» TASK TO CARRY OUT:
Restate the listing below word for word, and leave its pictures behind.

» STORED DATA:
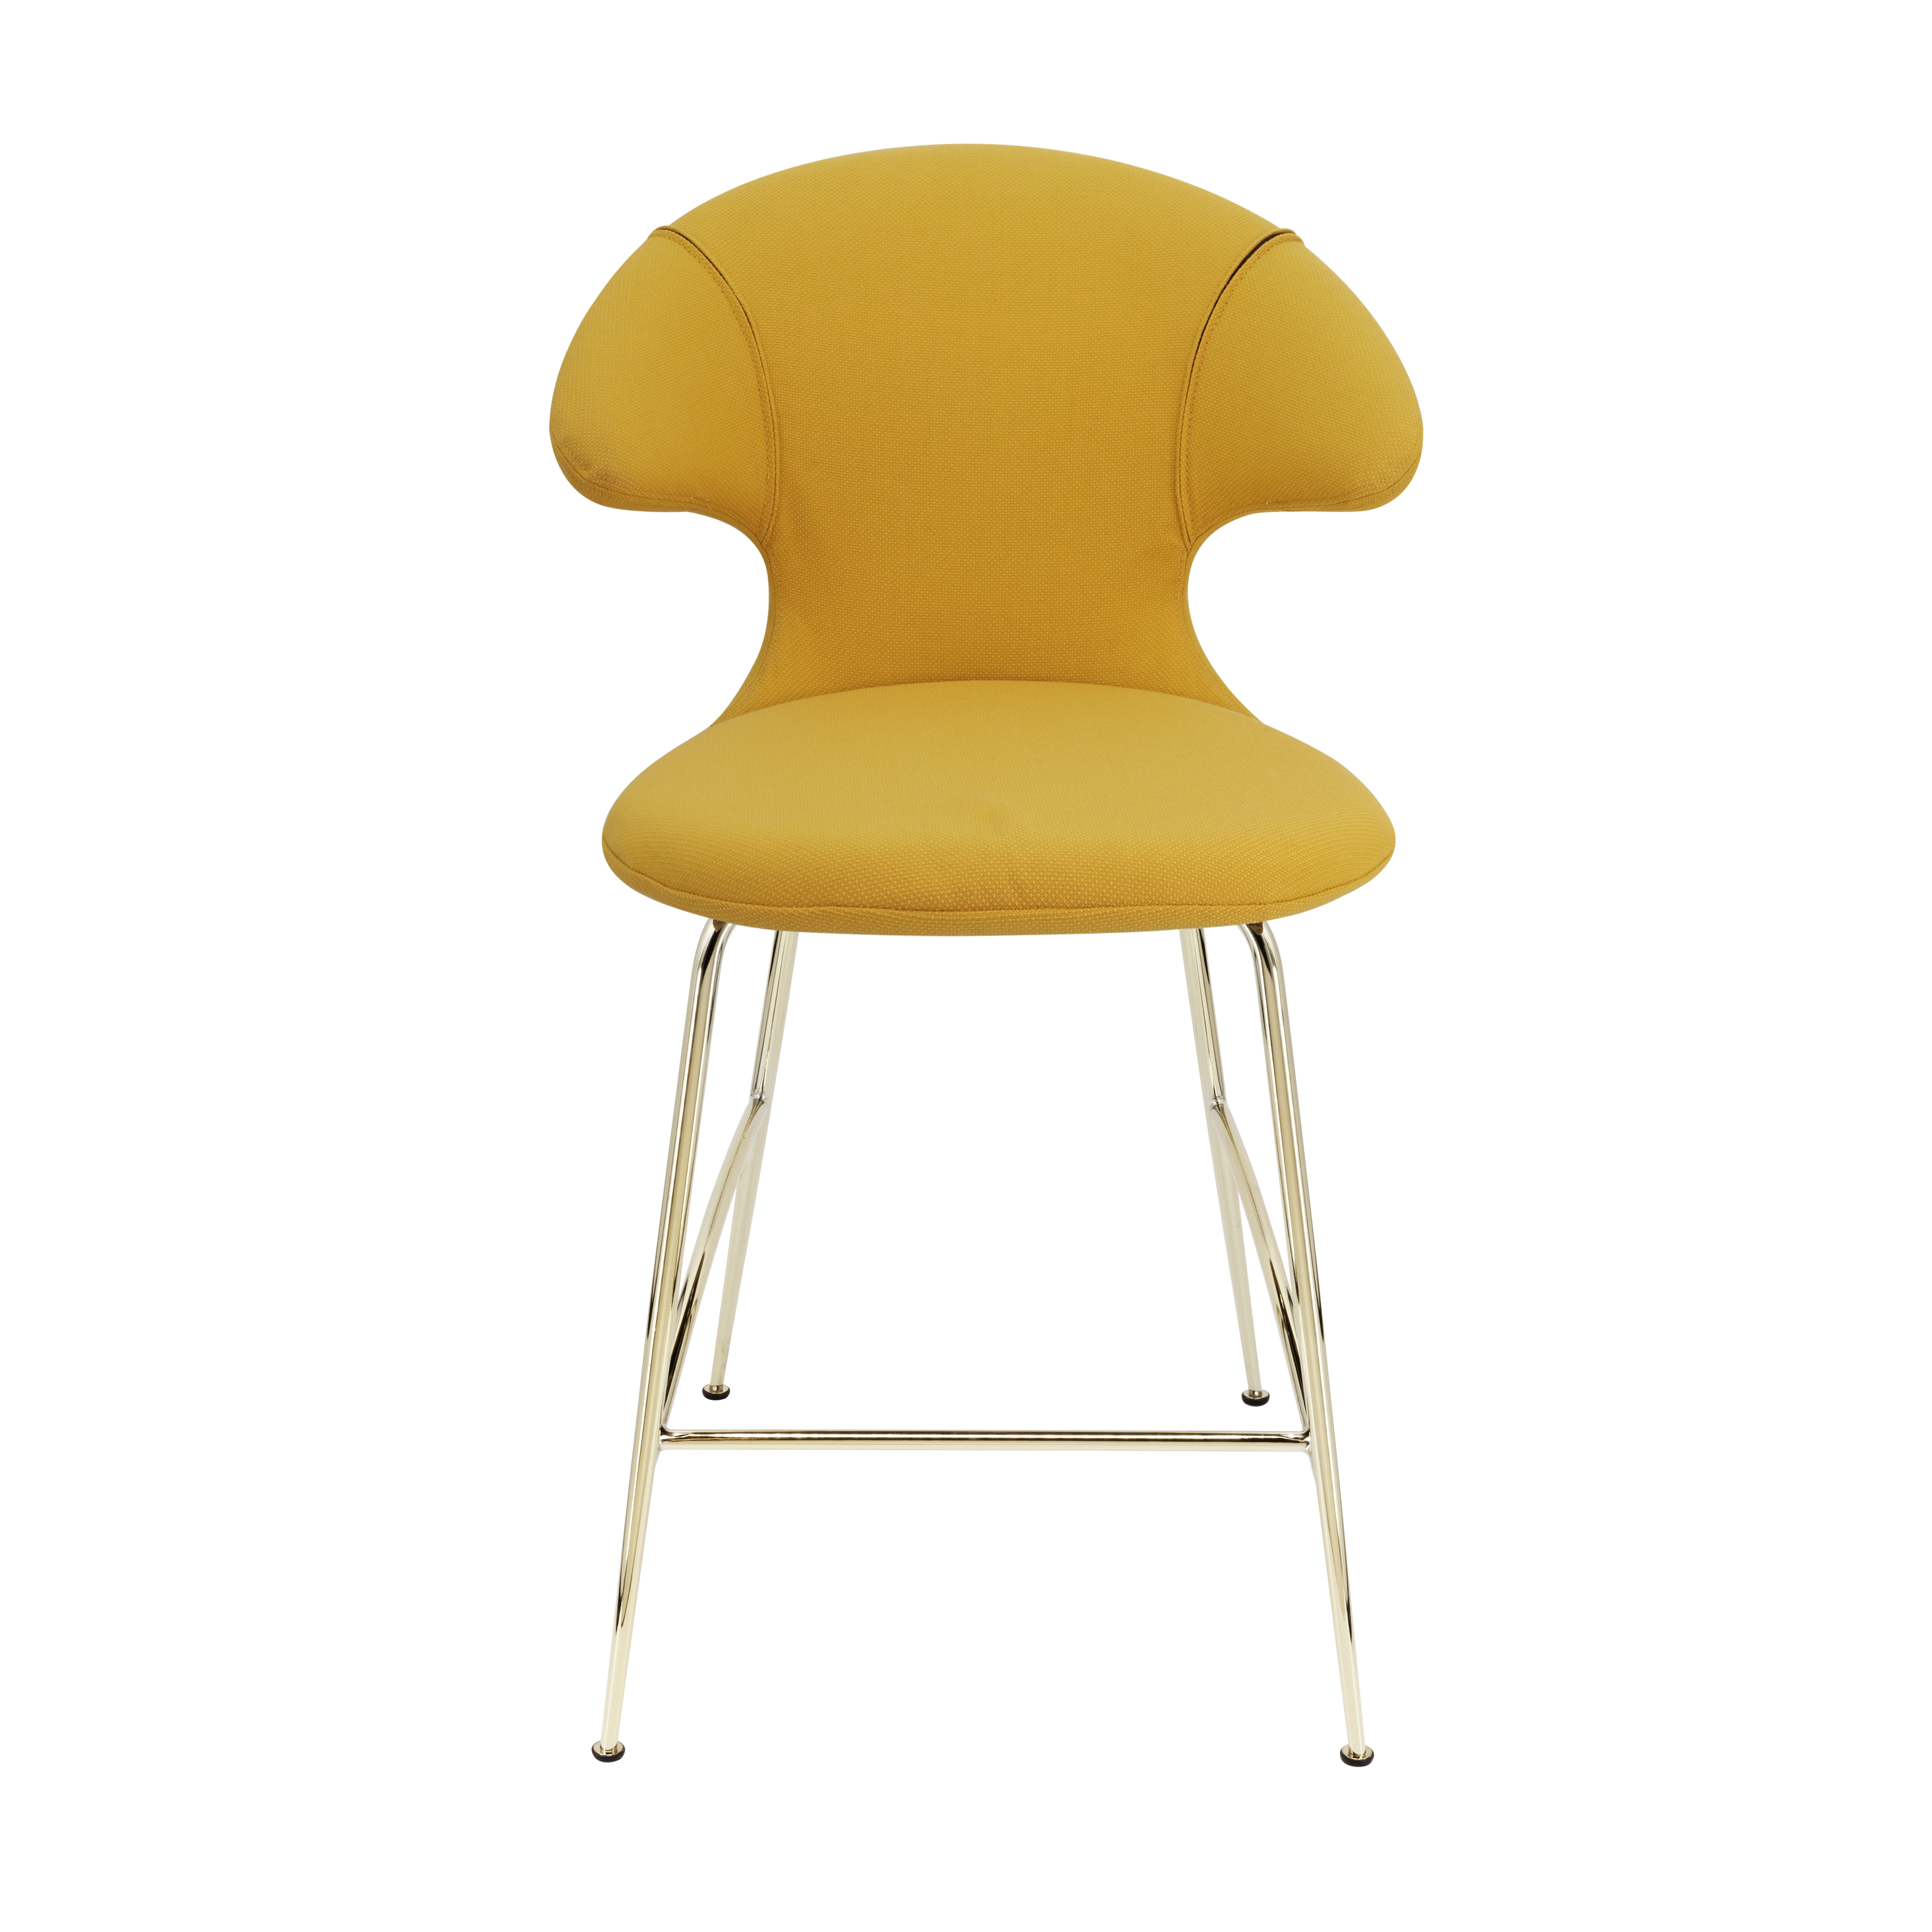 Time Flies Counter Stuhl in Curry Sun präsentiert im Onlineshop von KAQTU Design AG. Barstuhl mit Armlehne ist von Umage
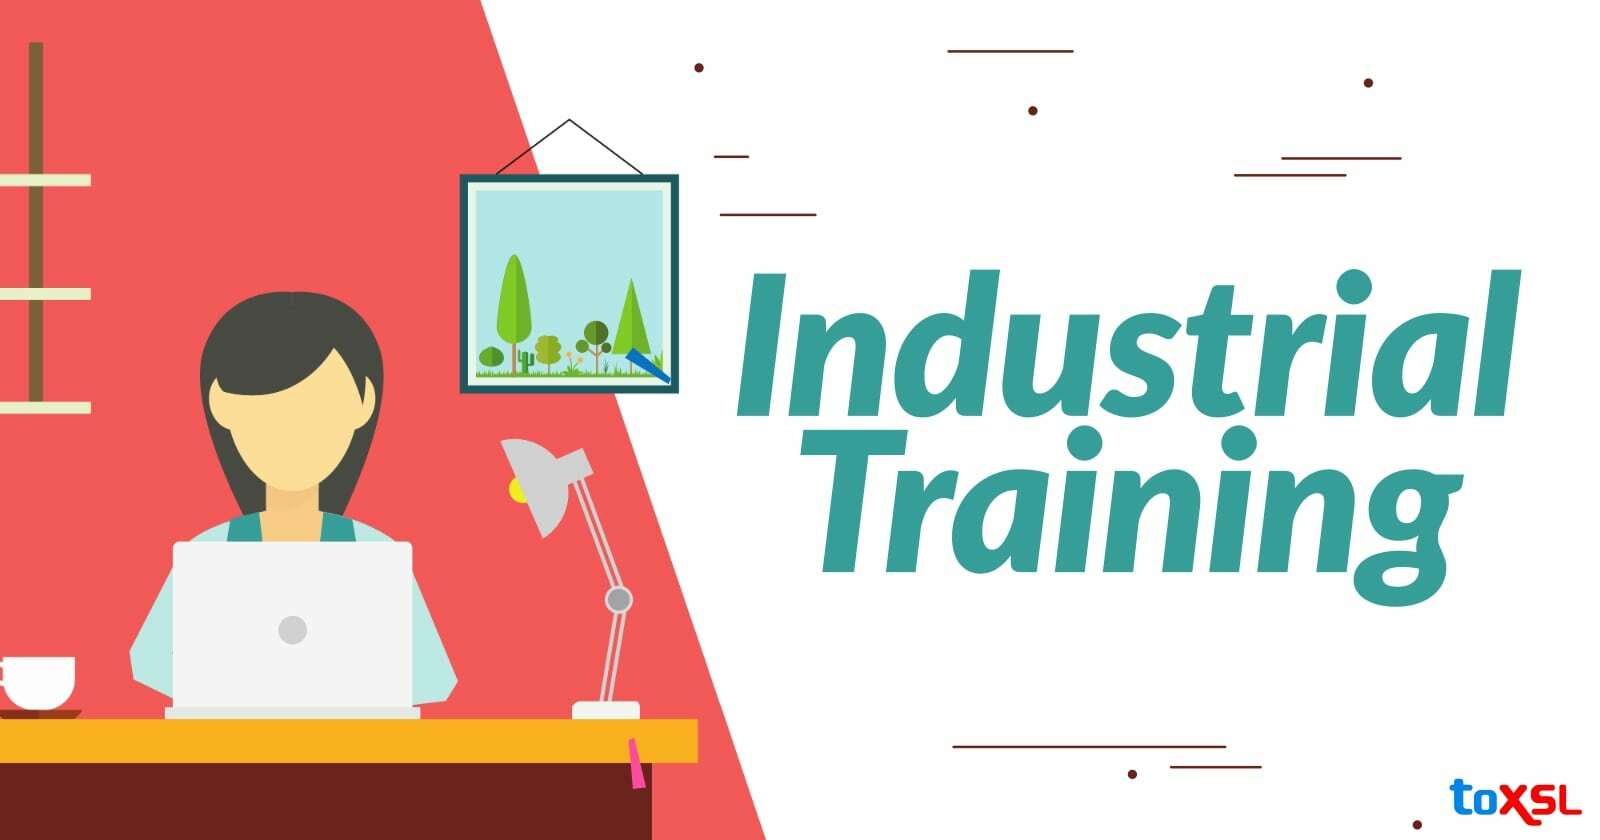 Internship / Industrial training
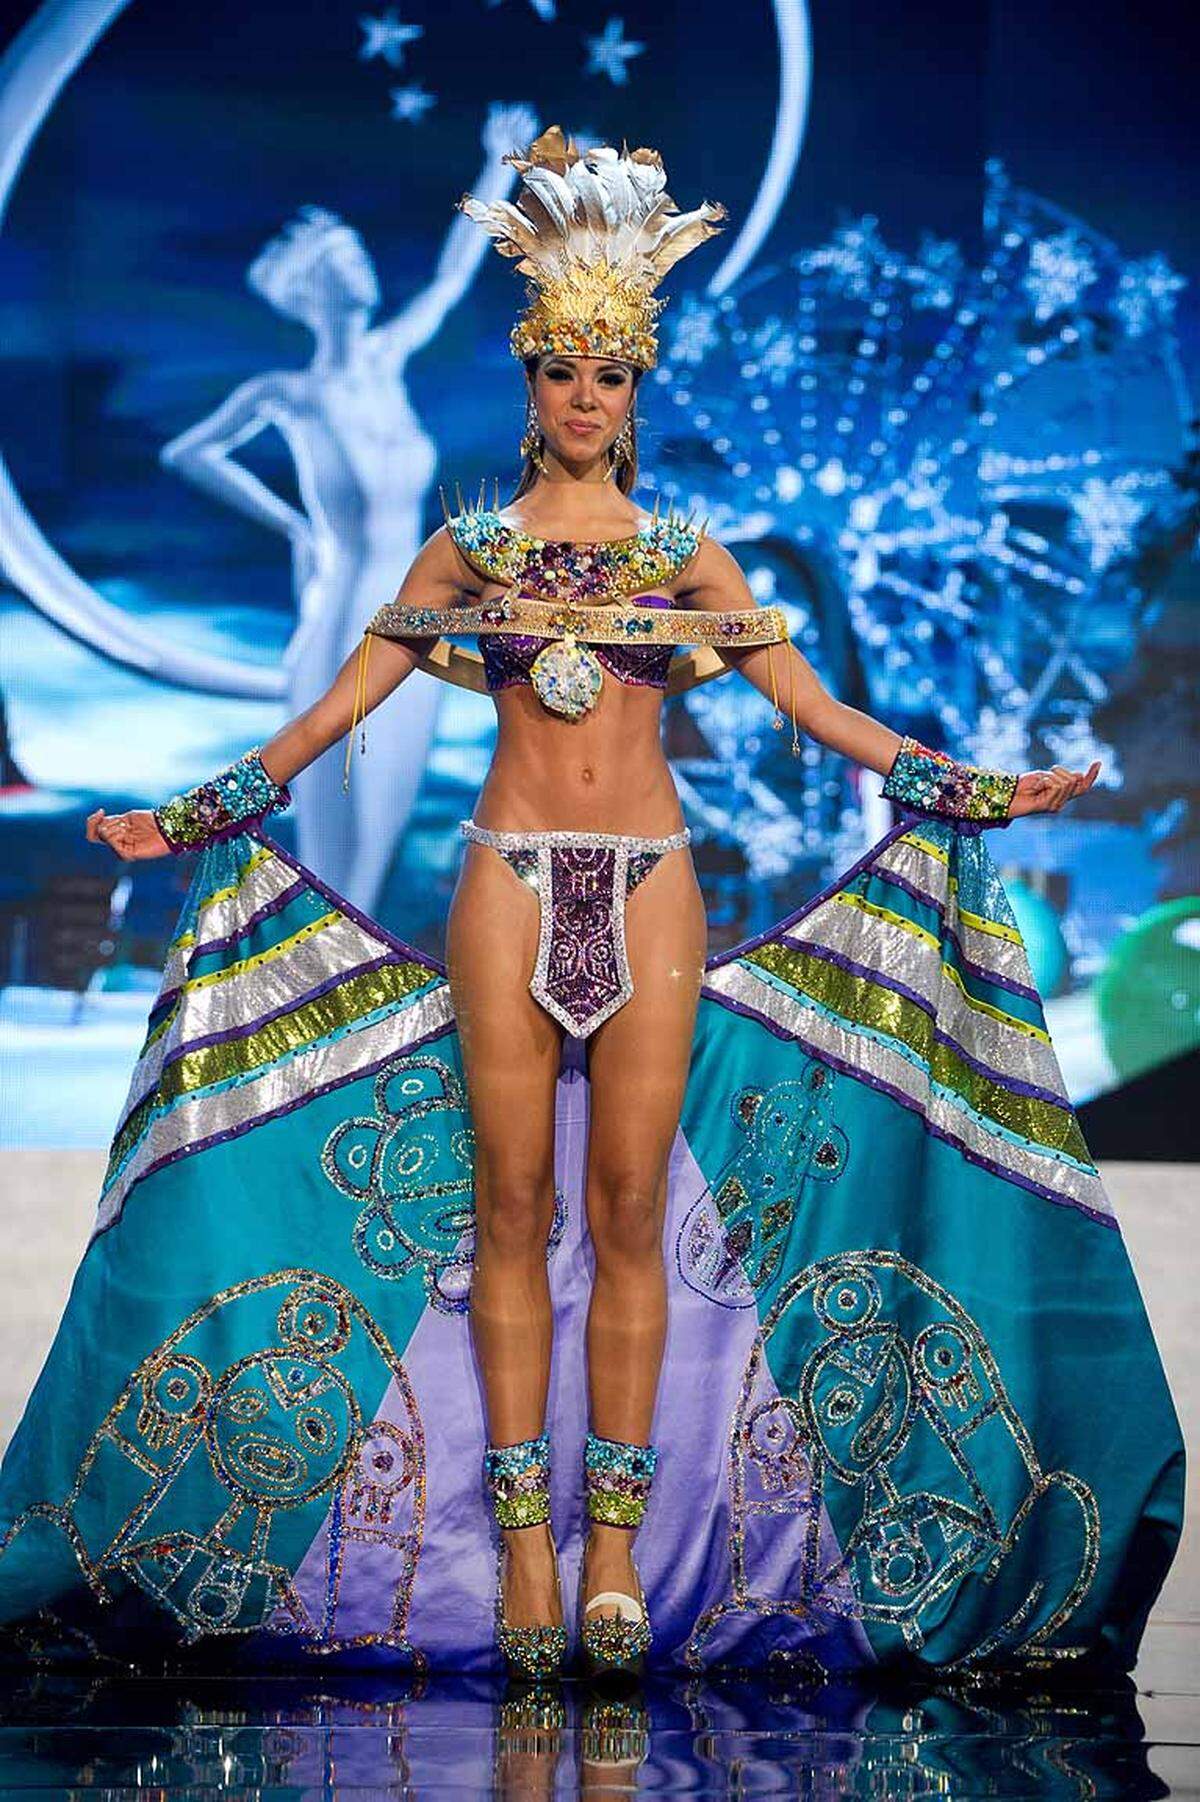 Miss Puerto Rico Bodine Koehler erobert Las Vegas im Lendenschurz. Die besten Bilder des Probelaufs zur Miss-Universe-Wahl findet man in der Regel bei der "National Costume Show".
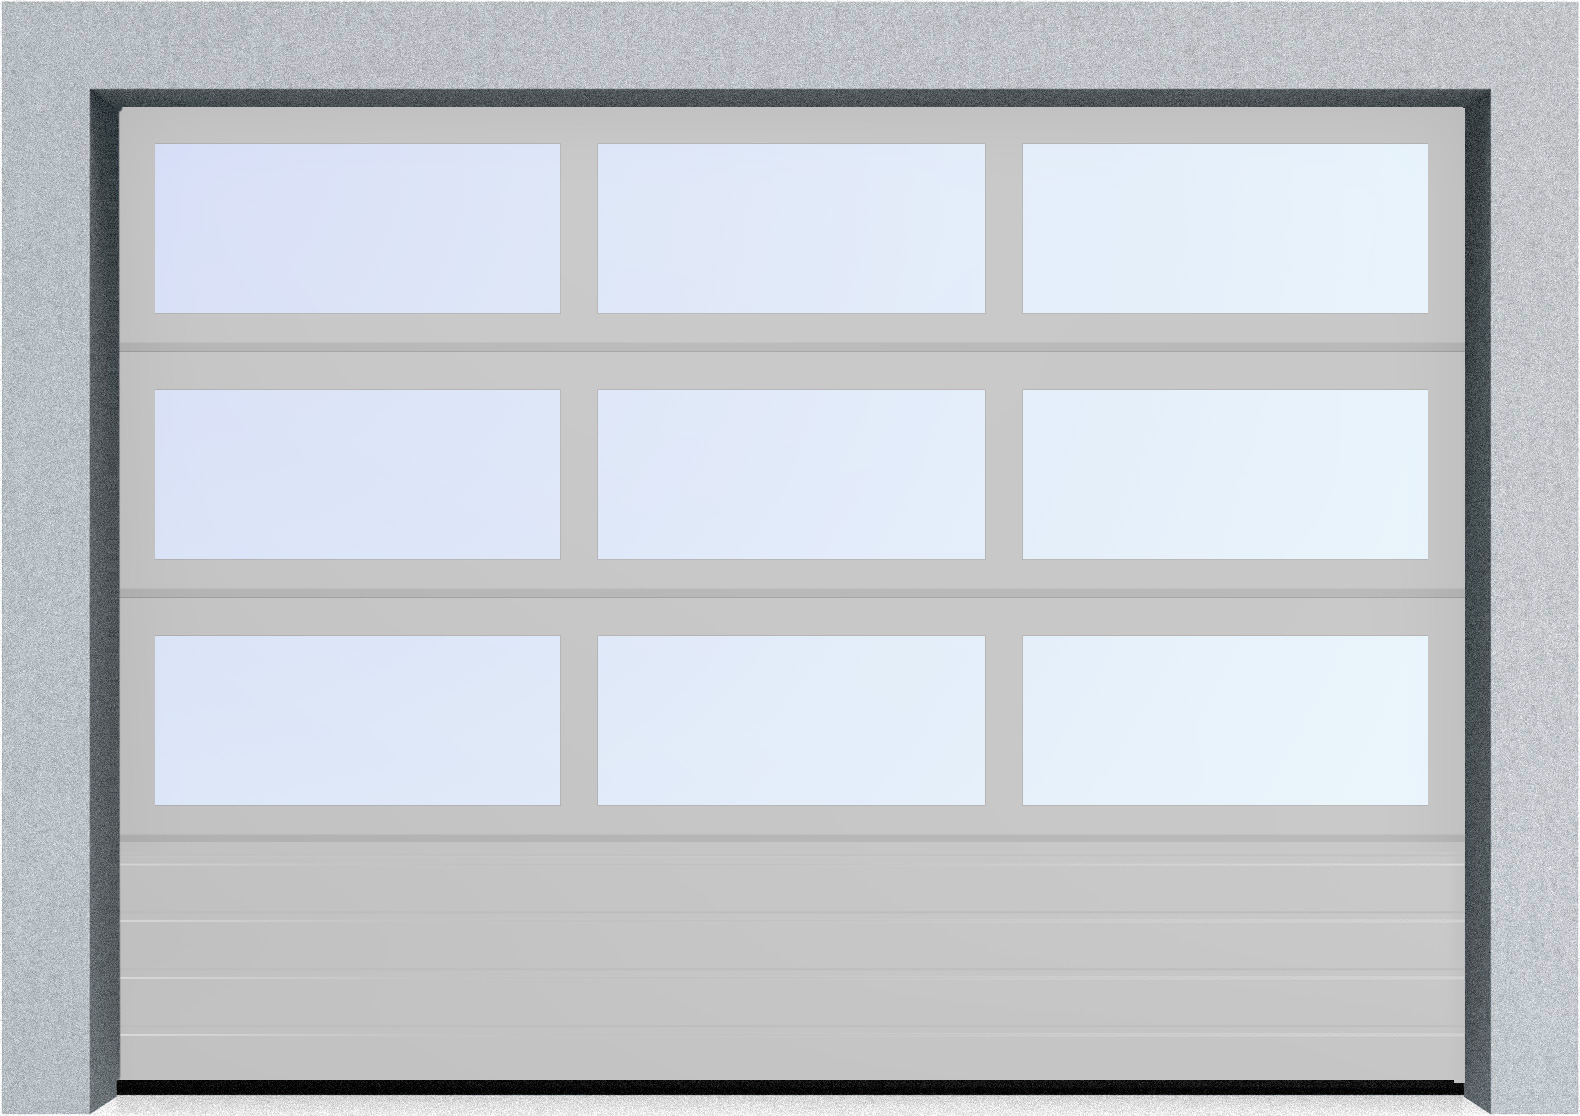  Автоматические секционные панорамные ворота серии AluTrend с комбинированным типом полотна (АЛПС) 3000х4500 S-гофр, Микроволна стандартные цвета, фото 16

» EXERCISE RESPONSE:
 Time Flies Counter Stuhl in Curry Sun präsentiert im Onlineshop von KAQTU Design AG. Barstuhl mit Armlehne ist von Umage
 Internship / Industrial training
 Miss Puerto Rico Bodine Koehler erobert Las Vegas im Lendenschurz. Die besten Bilder des Probelaufs zur Miss-Universe-Wahl findet man in der Regel bei der "National Costume Show".
  Автоматические секционные панорамные ворота серии AluTrend с комбинированным типом полотна (АЛПС) 3000х4500 S-гофр, Микроволна стандартные цвета, фото 16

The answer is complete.